入院治療が必要な場合には、近隣の総合病院をご紹介いたします。治療後には総合病院から逆紹介してもらい、当院で経過観察をおこなうこともできます。消化器病専門医、消化器内視鏡専門医、肝臓専門医の資格を有した医師が診療いたします。
症状
胸焼け、胸部灼熱(しゃくねつ)感、胸痛
胃食道逆流症では胃酸などが逆流し、このような症状がでます。胃カメラで逆流性食道炎の所見がない場合も、症状が出現することもあります。そのほか、肺に穴が開く気胸、狭心症、心筋梗塞、大動脈解離といった心臓、大血管の病気のこともあります。
飲み込みにくい、つかえ感
食道がんが進行してくると、物理的に食道が狭くなり、このような症状がでます。その他、胃食道逆流症、食道アカラシアでも知覚過敏や食道の動きが悪く症状がでることがあります。またヒステリー球といわれるストレスや精神的な要因が関係して、つかえ感が出現していることもあります。
胃が痛い
胃がんが進行すると潰瘍ができ、胃が痛くなることもありますが、急性胃炎、胃潰瘍、十二指腸潰瘍、十二指腸炎、機能性ディスペプシアなどで胃が痛くなることも多くあります。また、胆石症や心筋梗塞でも胃が痛いといった症状がでる方もいます。
おなかが痛い
おなかが痛くなる原因はたくさんあります。胃腸の病気、胆のう・膵臓の病気やがんも進行するとおなかが痛くなります。痛みの場所、痛みかた、痛みの強さ、いつから痛いか、その他の症状も重要です。
背中が痛い
急性膵炎、慢性膵炎などは背中の痛みがよくでます。その他、大動脈解離、尿路結石や整形外科的な筋肉・神経の病気ででることもあります。吐き気、おなかの痛みの有無なども併せて診察します。
吐き気、嘔吐
吐き気、嘔吐の原因はたくさんあります。このページであげている、多くの消化器疾患でも症状はでますが、風邪をはじめとして、心臓病、腎臓病、内分泌、脳や耳鼻科系の病気など多くの病気でも具合が悪くなると症状がでることがあります。
便秘
便がでないことを便秘といいますが、自発的な排便が週3回未満といった回数以外にも、強くいきむ必要がある、便が硬い、残便感がある、排便困難である、便をかきださなければいけないといった、トイレでつらい思いをしている方も便秘にあてはまります。

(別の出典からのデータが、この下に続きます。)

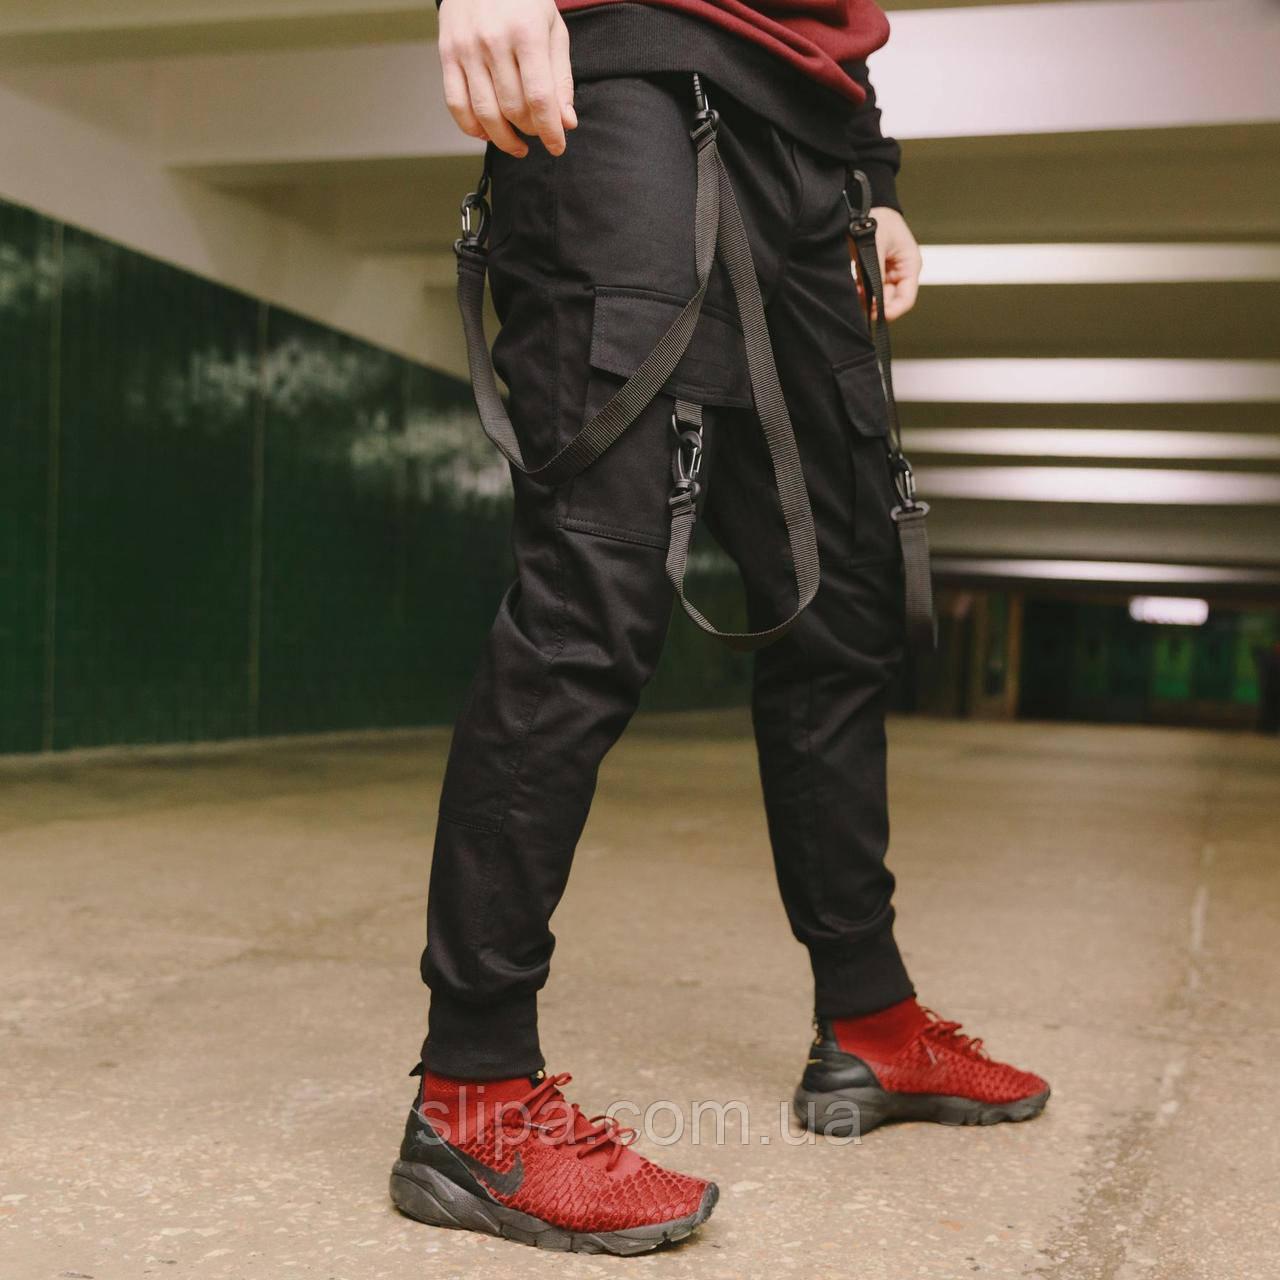 Мужские штаны карого с ремнями чёрные

過敏性腸症候群では便秘、下痢を繰り返すこともあります。なかには大腸がんなど、便の通り道が物理的に狭まっているような病気による便秘の場合もあるので注意が必要です。
下痢
感染性腸炎、急性胃腸炎、潰瘍性大腸炎やクローン病などで下痢を引きおこします。過敏性腸症候群では便秘、下痢を繰り返すこともあります。また、甲状腺機能異常症など胃腸に問題がなくても、病気による下痢をおこすこともあります。
血便
虚血性腸炎、大腸憩室出血、感染性腸炎、潰瘍性大腸炎、クローン病、痔や大腸がんでは血便がみられます。これらの疑いがあるときは大腸カメラで診断をします。大腸がんでは血便がでたり、とまったりすることもあるので、血便がとまっていても大腸カメラをうけることをお勧めいたします。大腸憩室出血や直腸潰瘍で大量に血便がでている場合には、総合病院での入院加療が必要となることがあるので近隣の救急病院と連携します。
食欲がない、体重が減った
いわゆるダイエットをすれば、もちろん体重が減ることもありますが、病的に体重が減る場合や長期間食欲が低下する場合には、がんが隠れていることもあるので注意が必要です。
足がむくむ
肝硬変やがんで具合が悪くなると、血液中のアルブミンといわれるタンパク質が減少しむくみの原因になります。その他、心不全、腎臓病や甲状腺機能異常症でも足のむくみがでることがあります。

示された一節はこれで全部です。